Reputation: 18919
What is the best way to continuously process items added to the queue? I see the following method
queue.process
https://github.com/Automattic/kue#processing-jobs
but this will process and return. Items added after this call are obviously not processed.
I thought to do:
queue.on('job enqueue', function(id, type){
queue.process('email', function (job, done) {
console.log('processing one: ' + job.id);
done(null);
});
});
But not sure if this fires multiple process methods ignoring the current queue status?
EDIT:
I have created a handler to listen to the 'email' type, yet it is only called once given the scenario below. Unless I am missing something, I would expect process to be run exactly 10 times here?
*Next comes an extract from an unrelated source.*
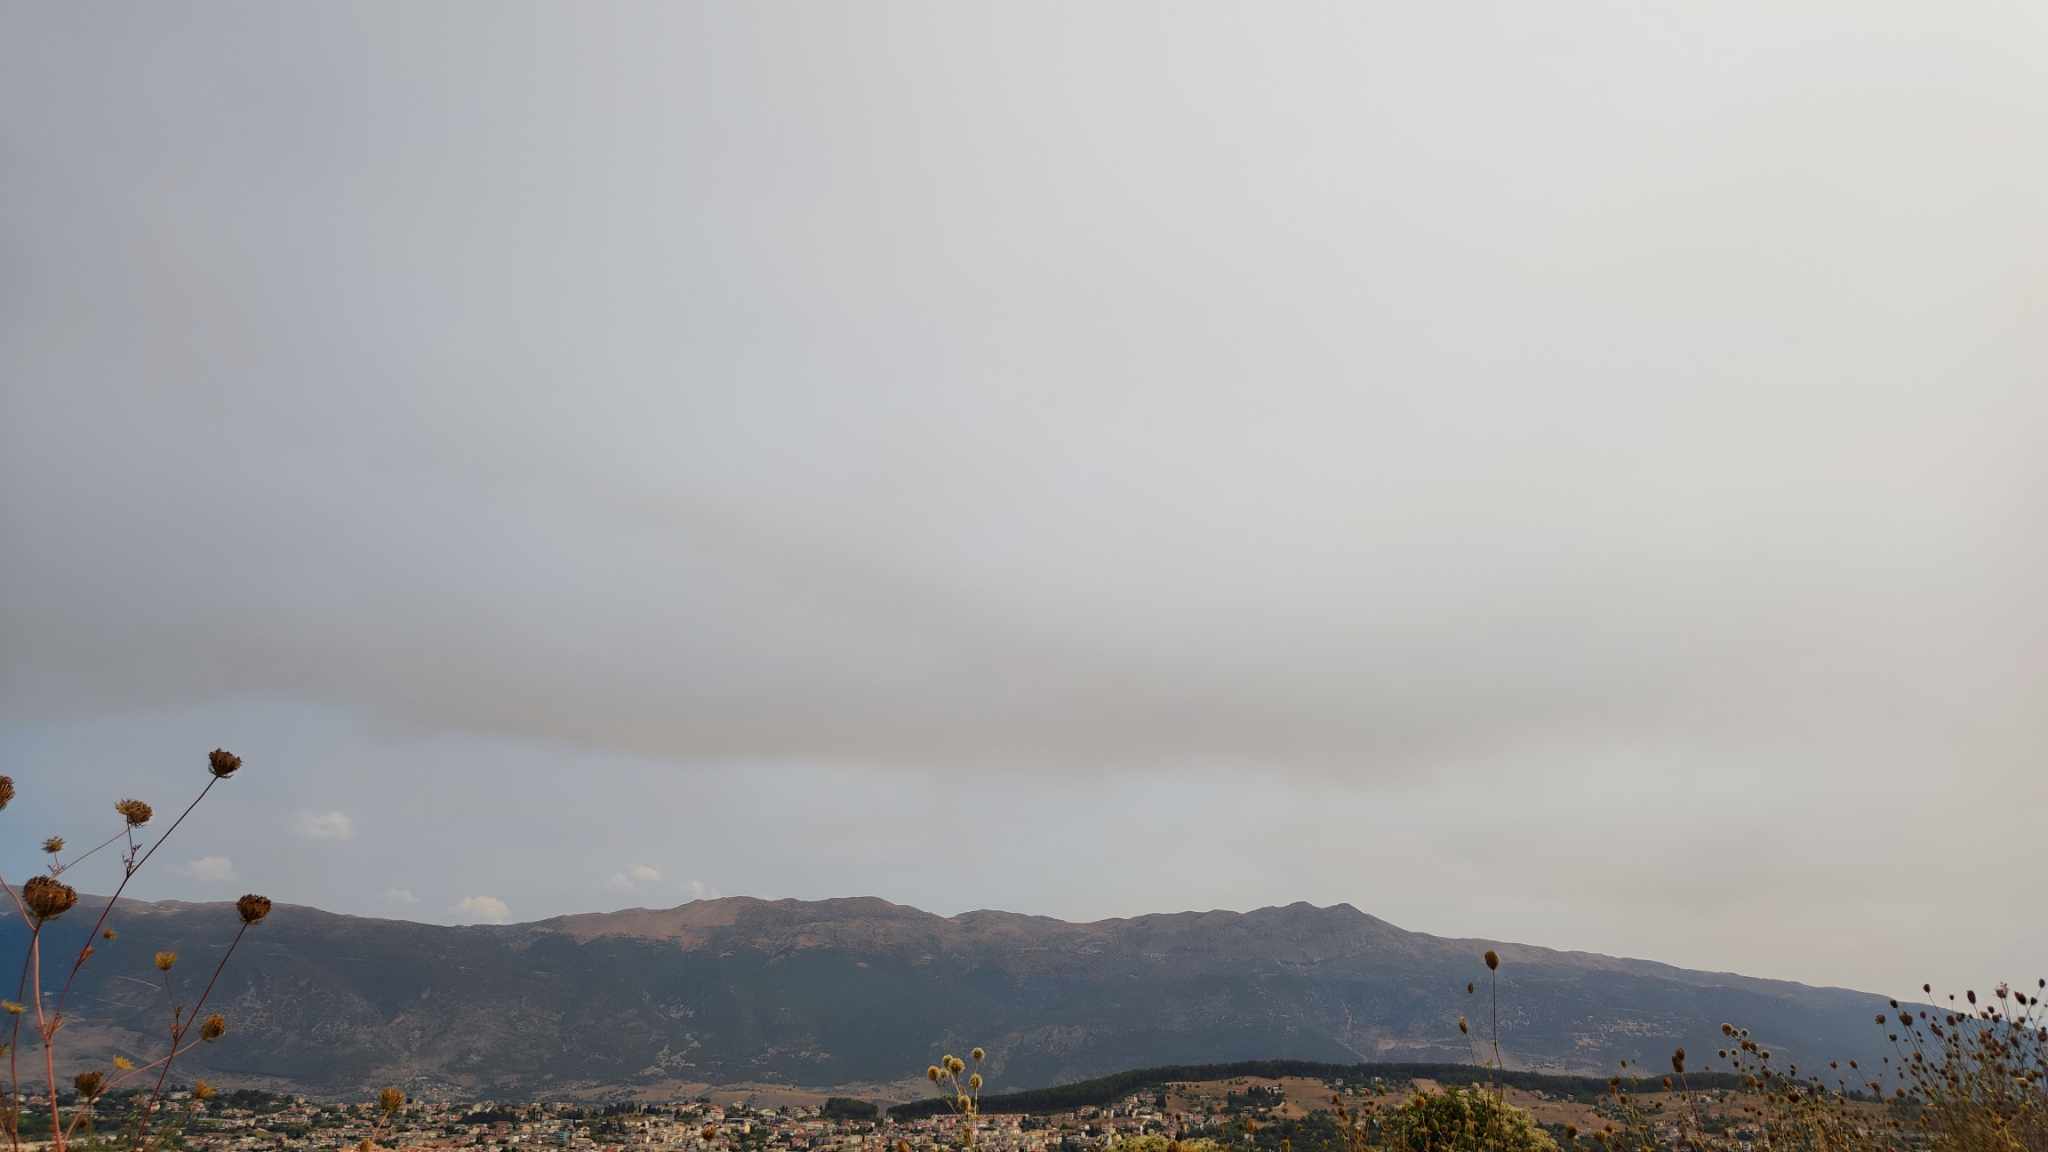 Ιωάννινα: Πυκνοί καπνοί από την πυρκαγιά της Αλεξανδρούπολης έχουν καλύψει την Ήπειρο – Δείτε εικόνες

const queue = kue.createQueue();
queue.process('email', function (job, done) {
email(job.id, job.data, done);
});
var email = function(id, email, done) {
console.log('job: %s, sent to: %s number: %s', id, email.to, email.number);
done(null, {result: 'OK'});
};
queue
.on('job enqueue', function (id, type) {
console.log('job %s got queued of type %s with id %s', id, type);
})
.on('job complete', function (id, result) {
console.log('job complete: ' + id);
});
for (var i = 0; i < 10; i++) {
queue
.create('email', {
title: 'welcome email for tj',
number: i,
to: '[email protected]',
template: 'welcome-email'
})
.removeOnComplete(true)
.save();
}
Upvotes: 3
Views: 2692
Reputation: 203359
The function passed to queue.process
will get called for each enqueued job.
Think of it as an event handler: it "listens" for (in this case) "email" events/jobs, and for each one the handler function will be called. So it's incorrect that "items added after this call are obviously not processed".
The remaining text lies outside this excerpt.